1. The Client
The client is a dynamic US-based mobile application designed to streamline the hiring process. They solve a
critical pain point in the American job market: speed. With a significant percentage of companies facing
delays due to lengthy background checks, this platform offers a portable solution that accelerates candidate
verification. Their business model relies entirely on speed, efficiency, and high availability.
2. The Challenge: "Paying for Lights in an Empty Room"
While the app was efficient for users, their backend infrastructure showed scope of improvement and
efficiency. As the user base grew across the US, so did the AWS (Amazon Web Services) bill—reaching a point
where infrastructure costs were eating into operational margins.
When we audited their system, we found the classic symptoms of "Cloud Sprawl":
- Idle Machinery: Load balancers were running constantly on instances that
weren't actually
processing traffic.
- Mixed Environments: Development (testing) and Production (live)
environments were
entangled, meaning they were paying "live server" prices for testing code.
- Database Waste: The databases were unoptimized, running inefficient
queries that cost more
money to process.
Essentially, they were paying peak prices for resources they weren't using.
3. The Solution: AI-Assisted Optimization
We didn't just want to "patch" the problem; we wanted to re-architect it for long-term savings. We utilized
Amazon Q, an AI-powered assistant, to accelerate our analysis of their infrastructure and identify
bottlenecks faster than manual auditing allows.
Our approach involved four key steps:
- Step 1: The Separation (Dev vs. Prod): We immediately created distinct
environments for Production and Development. This allowed us to turn off "heavy" resources in the
development stage when they weren't being used—something you can't do if everything is mixed together.
- Step 2: Right-Sizing the Fleet: We identified that the client was using
"Spot Instances" inefficiently. We moved them to Reserved Instances.
An example Scenario: Instead of paying a premium "hotel daily rate" for their servers, we switched them to
a "yearly lease," which instantly lowered the baseline cost.

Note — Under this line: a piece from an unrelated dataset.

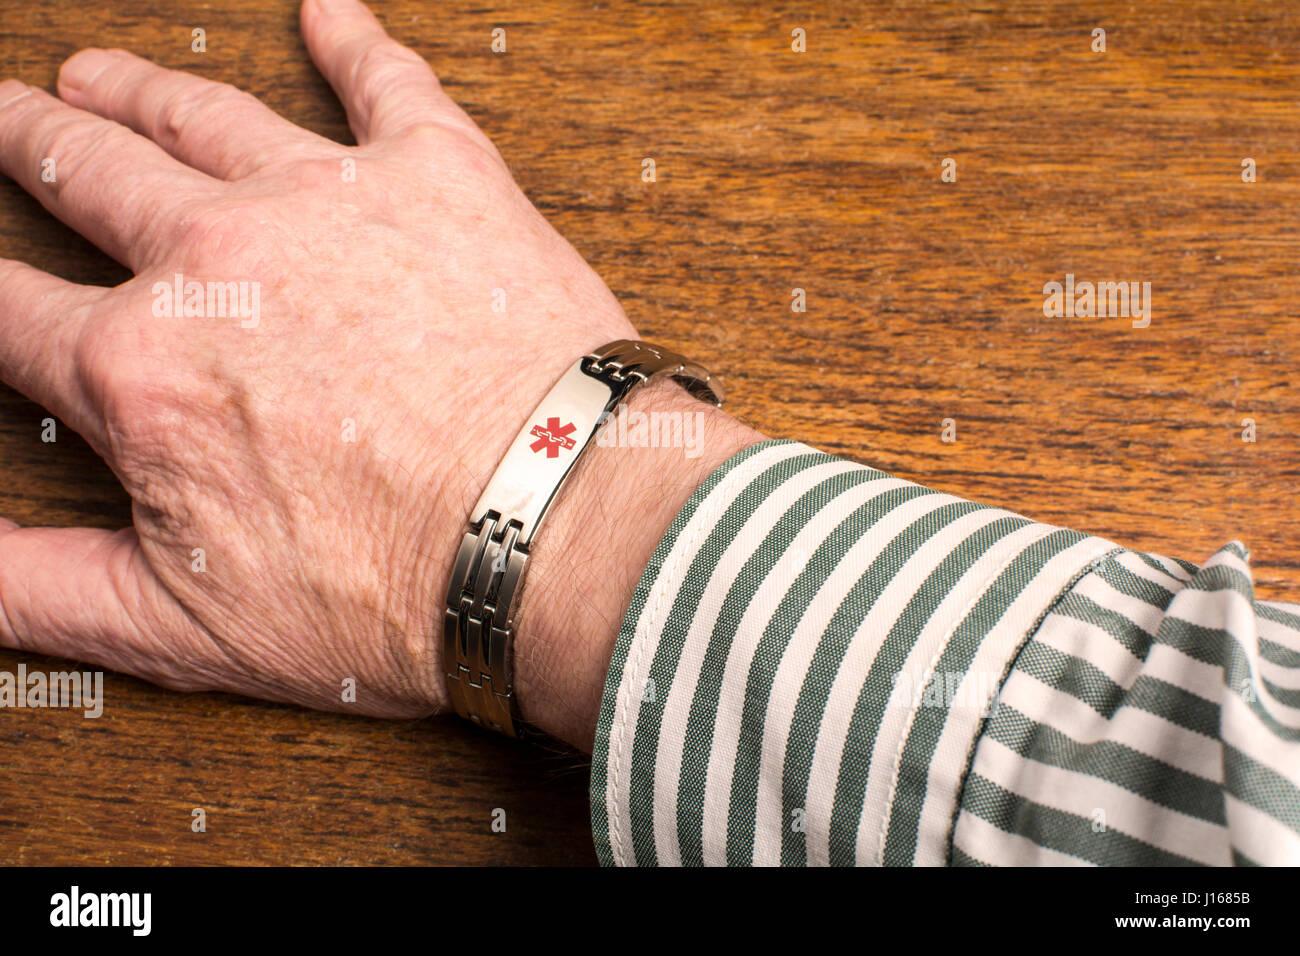 A medical alert wristband on a man's wrist - Stock Image

- Step 3: Cleaning the Junk: We identified and terminated unused
infrastructure—specifically load balancers that were spinning but going nowhere.
- Step 4: Database Tuning: We optimized the database configurations to
ensure that data retrieval was fast and cheap, rather than slow and expensive.
4. The Results
The impact was immediate and measurable.
- 60% Reduction in AWS Bill: By cutting waste and optimizing resource usage,
we more than halved the monthly infrastructure cost.
- Faster Optimization: Using Amazon Q allowed us to identify these cost
centers rapidly, delivering ROI to the client in record time.
- Scalable Foundation: The new architecture is not just cheaper; it is
cleaner. The client can now scale their user base without fear that their costs will skyrocket linearly.
- Conclusion: Cloud costs shouldn't be a mystery. With the right mix of
human expertise and AI analysis, we turned a financial leak into a streamlined, profitable operation.
Conclusion
Cloud costs shouldn't be a mystery. With the right mix of human expertise and AI analysis, we turned a
financial leak into a streamlined, profitable operation.